**Records supplied**
+---+
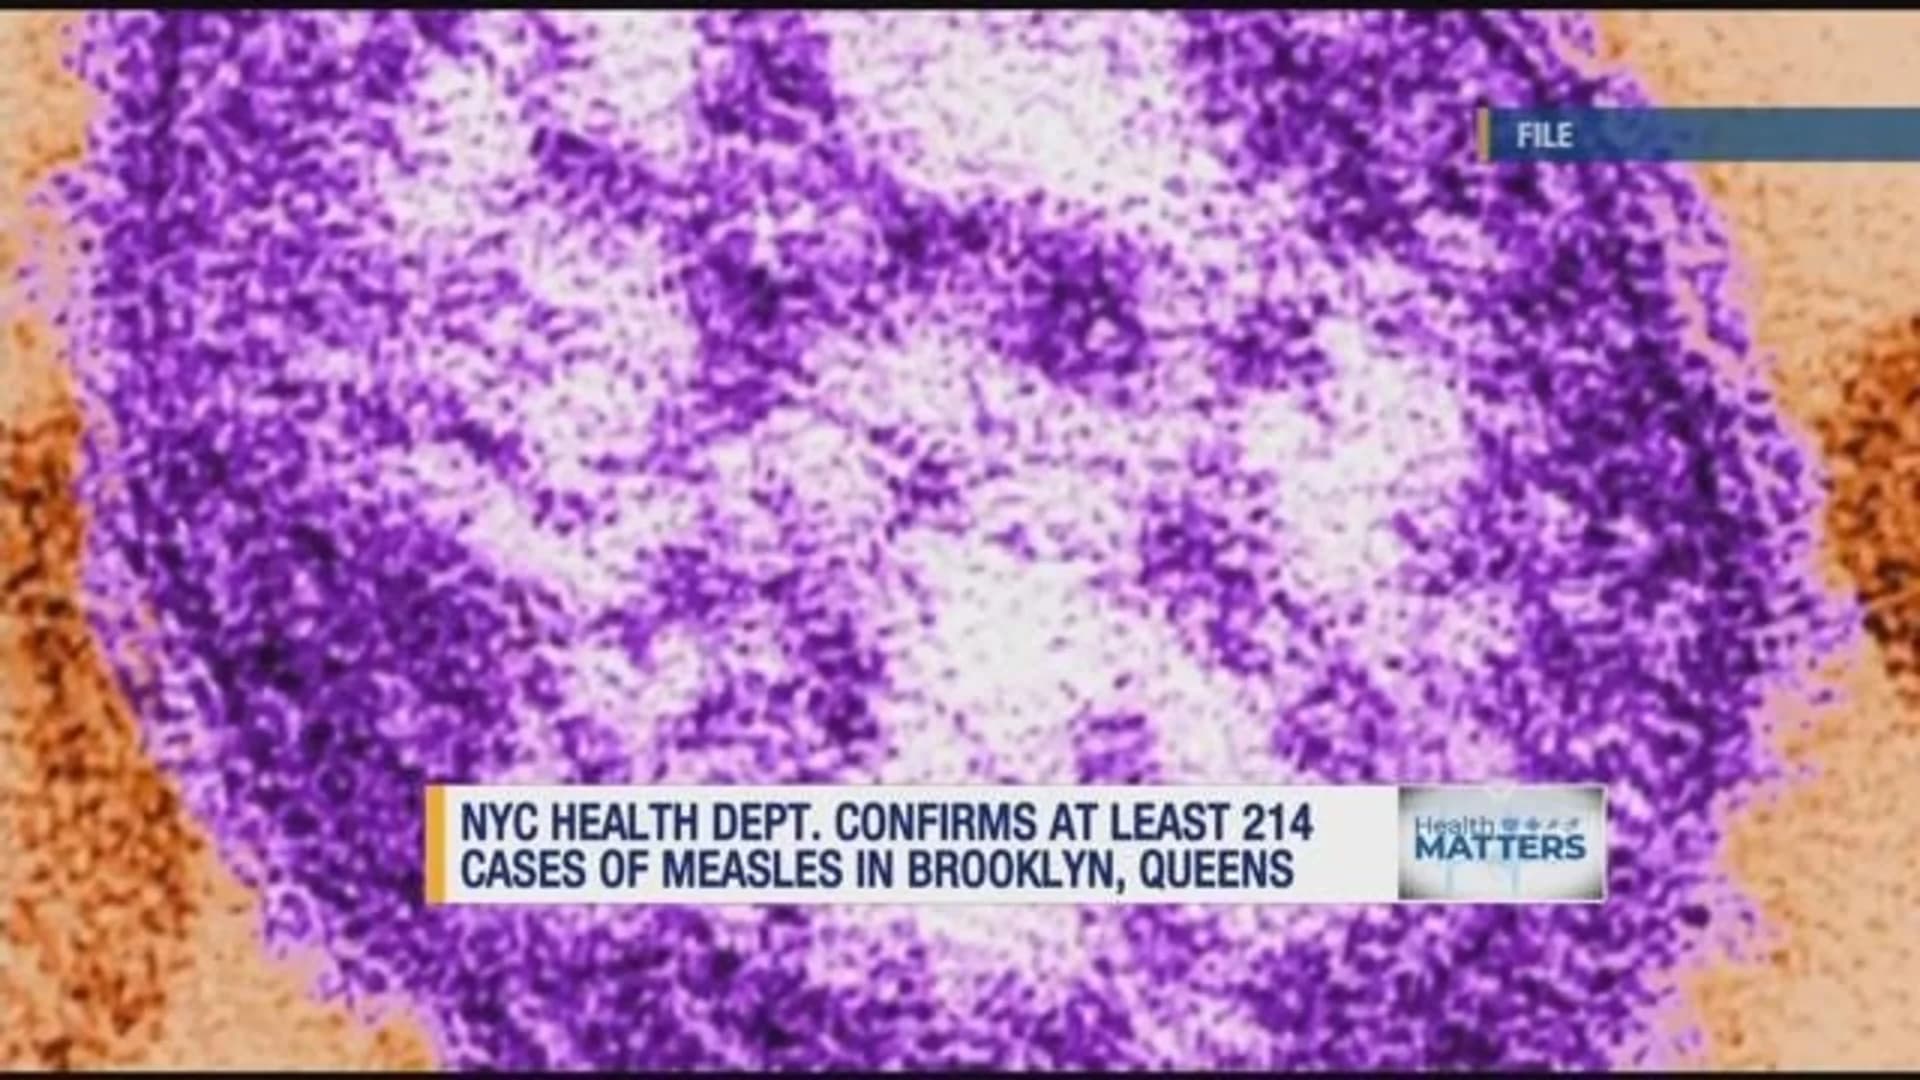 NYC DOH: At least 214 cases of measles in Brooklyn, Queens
+---+
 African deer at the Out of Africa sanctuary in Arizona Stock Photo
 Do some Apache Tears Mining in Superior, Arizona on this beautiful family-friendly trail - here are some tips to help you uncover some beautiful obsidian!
+---+
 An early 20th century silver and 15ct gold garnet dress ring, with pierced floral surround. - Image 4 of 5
+---+
**About this task**
Sift the material for lines that include the word "Arizona", and copy each one.

**Answer section**
 African deer at the Out of Africa sanctuary in Arizona Stock Photo
 Do some Apache Tears Mining in Superior, Arizona on this beautiful family-friendly trail - here are some tips to help you uncover some beautiful obsidian!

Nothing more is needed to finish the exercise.